Com o órgão decisório das últimas eleições bem medido e ponderado, é credível supor que a Justiça Eleitoral, tomada em sentido amplo, tenha capacidade física e mental para dar respostas ágeis e adequadas ao grande volume de processos típicos do período. Em termos de propaganda eleitoral, além do sistema jurídico ter regras do jogo democrático bem definidas e ajustadas, existem estruturas paralelas a funcionar a todo vapor. Os juízes de propaganda têm trabalhado com enorme coragem e obstinação na implementação do direito estabelecido, de forma a garantir aos candidatos igualdade de oportunidades de oportunidades, garantindo plenamente a sinceridade eleitoral.
Que lição esta eleição nos deixa para as expectativas em relação a 2026?
Sempre há vetores ávidos por melhorias. É um processo contínuo, mas sempre inacabado. No dia seguinte ao fim do processo eleitoral, os olhos experientes de legisladores e juízes já se voltam para as futuras eleições. Podem e devem ser feitos ajustes no embelezamento e operacionalização das festas democráticas. A (inadequada) proteção excessiva da inteligência eleitoral e uma melhor avaliação jurídica da liberdade de expressão, na minha humilde opinião, são questões dignas de maior reflexão global.
Você acredita que o ex-presidente Jair Bolsonaro ficará inelegível em 2026 ou ainda há chance de reverter essa sentença?
Em relação às duas inelegibilidades hoje existentes, alusivas ao ex-presidente Jair Bolsonaro — reunião com embaixadores e 7 de Setembro —, há recursos extraordinários em sentido estrito preparados para o Supremo Tribunal Federal, que caberá, com método e verticalidade, resolver o assunto com um toque de certeza.
Qual a sua avaliação sobre a decisão do STF de suspender o funcionamento de X?

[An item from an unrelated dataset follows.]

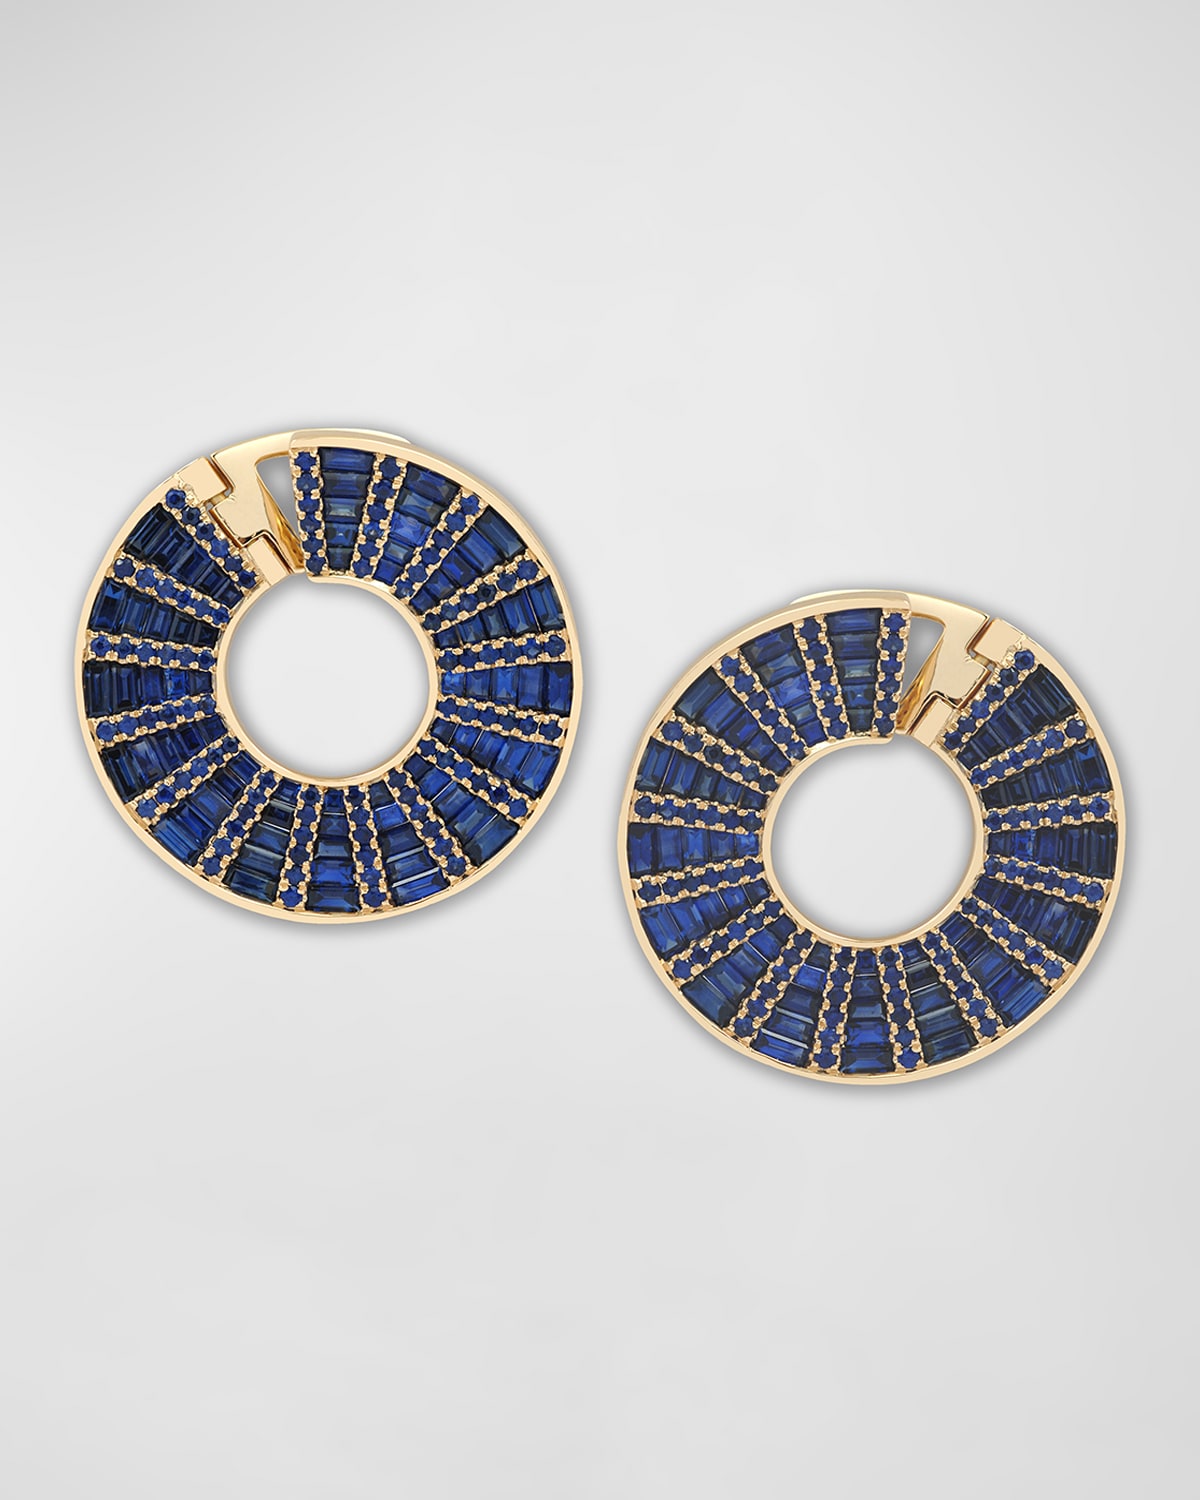 18K Gold and Sapphire Earrings

Não me parece adequado fazer um juízo de valor sobre processos judiciais em curso, sem conhecer plenamente os detalhes jurídicos relevantes da questão. Em qualquer caso, é necessário reconhecer que a resolução técnica virtual da disputa já teve o poder de desencadear um debate público genuíno e saudável de ideias opostas. Numa democracia que não é meramente semântica, a livre circulação de ideias e informações, mesmo que ácidas e incómodas, é vital para a formação de juízos de valor. Esta é uma premissa inegociável, alojada num debate mais amplo entre os “limites dos limites” da liberdade de expressão e a adequação, em boa sintonia, da lei prevista no ordenamento jurídico vigente.
O projeto que tramita no Congresso com mudanças nas regras de inelegibilidade é uma forma de acabar com a Lei da Ficha Limpa?
Com total respeito pelas opiniões divergentes, penso que não. As melhorias legislativas, como produto de debates sérios e bem intencionados, podem e devem ser recebidas de braços abertos. A Lei da Ficha Limpa, reconhecida como um marco importante na purificação essencial do cenário político brasileiro, foi projetada para reverter instantaneamente um aumento na insatisfação social. E leis como essa, geralmente, tendem a carregar manchas e pesar na mão. Ao longo dos anos de aplicação, áreas ávidas por melhorias foram devidamente mapeadas. E melhorias não significam necessariamente retrocessos. A reforma da Lei de Improbidade Administrativa é um bom exemplo de melhoria legislativa virtuosa. A Lei da Ficha Limpa é uma conquista histórica. E está aqui para ficar.